Configuring these types of Amazon S3 logs can include following these instructions:

Links to content pack/integration details

The AWS - S3 content pack provides integration with the Amazon Web Services Simple Storage Service (S3) for management, security controls, and visibility of stored objects. It includes the following integration:
- AWS - S3: Use this integration to manage Amazon Web Services Simple Storage Service (S3) objects and security configurations, including listing contents, setting encryption, and blocking public access. Commands are included for fetching bucket encryption status (aws-s3-get-bucket-encryption), controlling public access settings (aws-s3-put-public-access-block, aws-s3-get-public-access-block), and listing objects within a bucket, with support for pagination, delimiters, and prefixes (aws-s3-list-objects), alongside core support for authentication using AWS STS session tokens.
The AWS - Route53 content pack provides an interface to manage the Amazon Web Services managed Cloud DNS service. It includes the following integration:
- AWS - Route53: Use this integration to manage the Amazon Web Services managed Cloud DNS service. Commands included allow users to list resource record sets, address issues such as when a set is missing its TTL value, and manage configurations related to AWS authentication like STS endpoint resolution logic.

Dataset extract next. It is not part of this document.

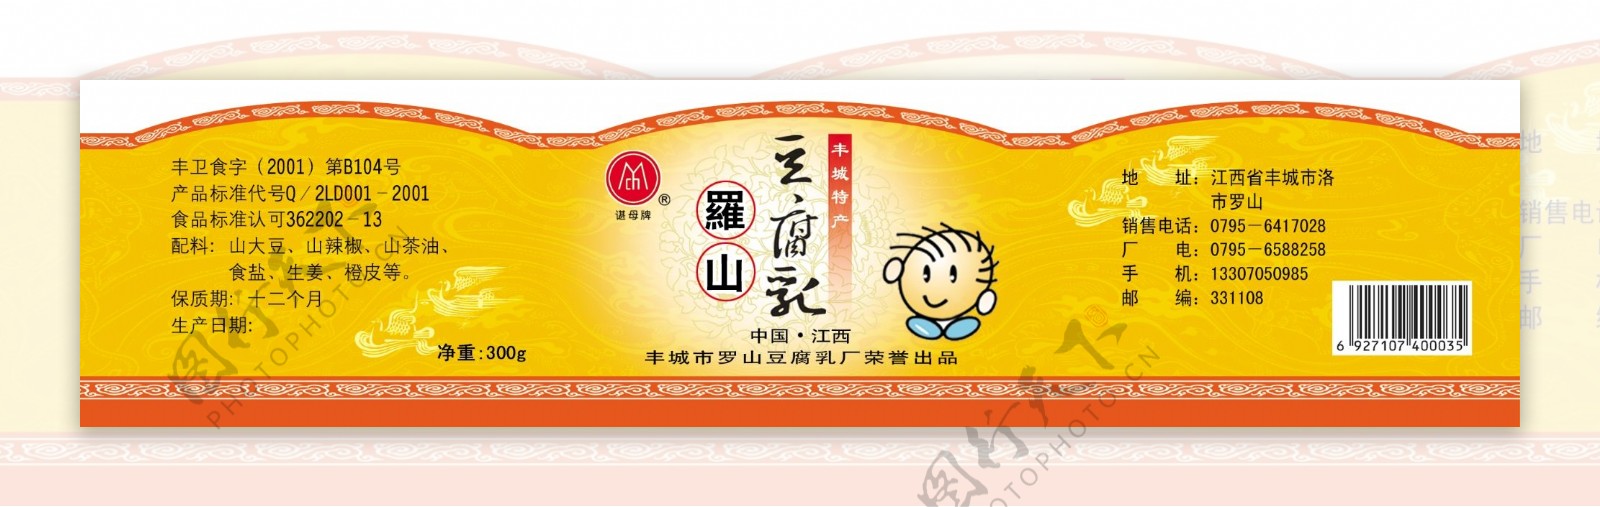 谌母豆腐乳标签图片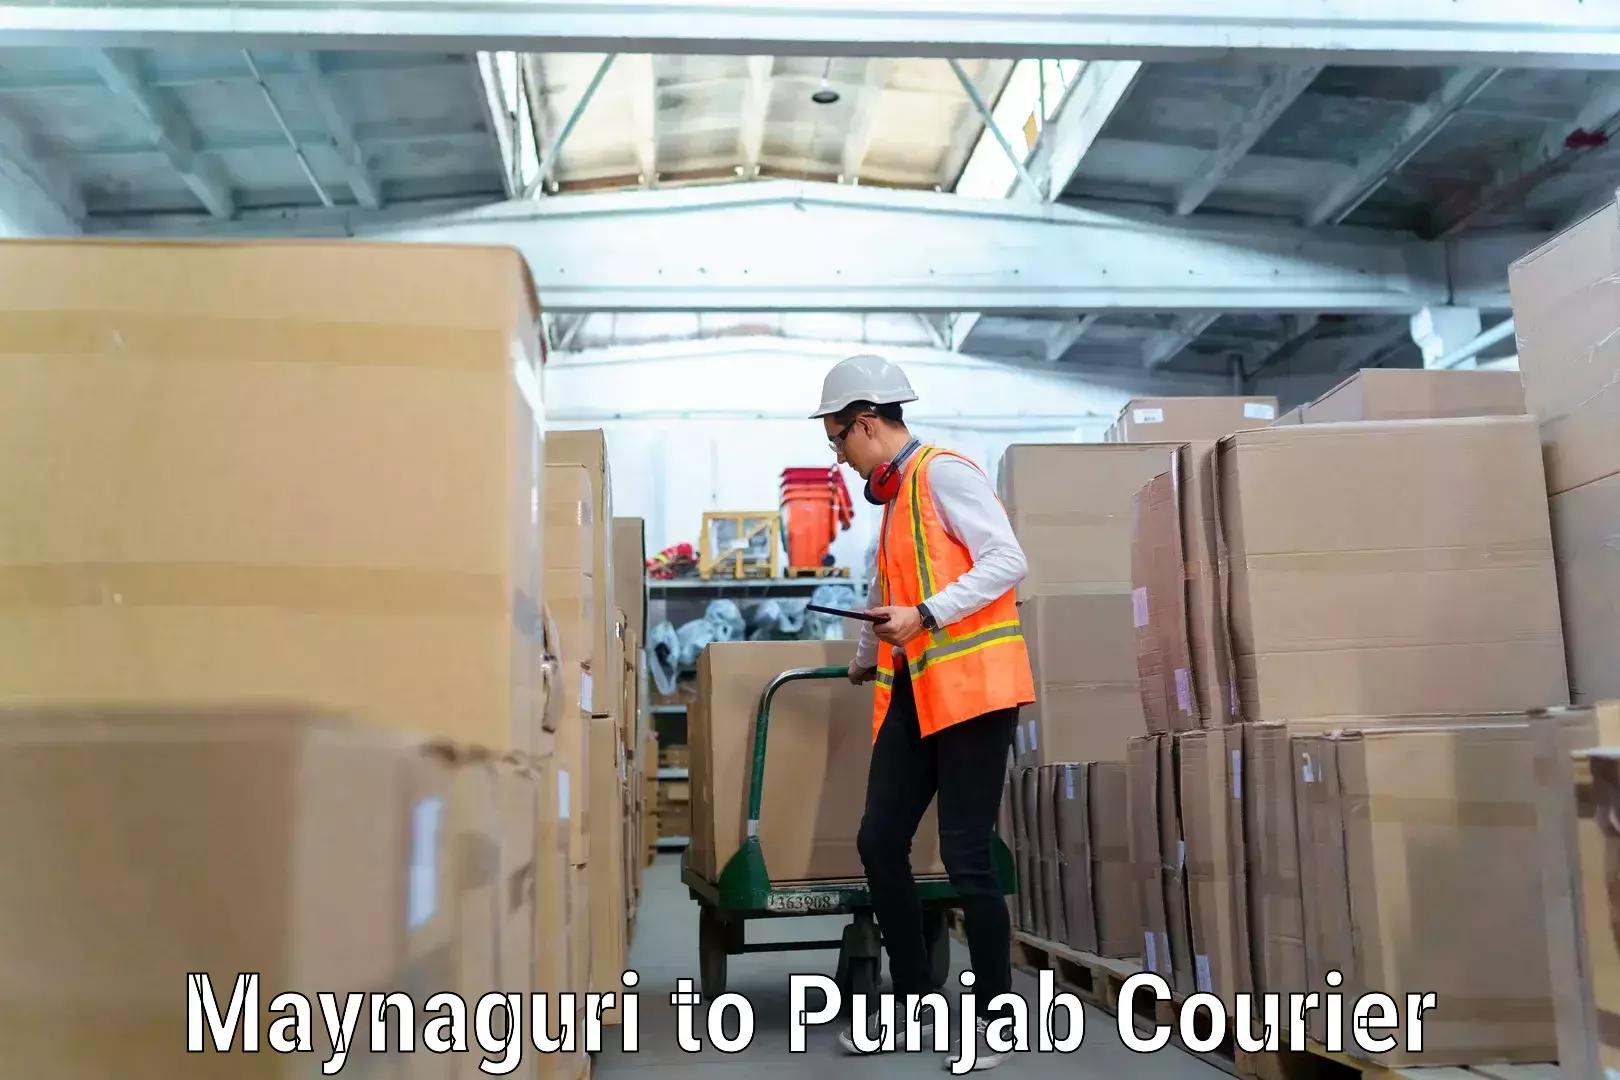 Residential moving experts Maynaguri to Punjab

The AWS - CloudTrail content pack provides functionality for interacting with an AWS CloudTrail trail via automation and includes rules for parsing and modeling ingested audit logs. It also includes the following integration:
- AWS - CloudTrail: Use this integration to interact with a CloudTrail trail on AWS via playbooks and the Playground. It includes commands that enable retrieving information about the trail status using aws-cloudtrail-get-trail-status, and manage authentication configurations like specifying the AWS STS endpoint resolution logic.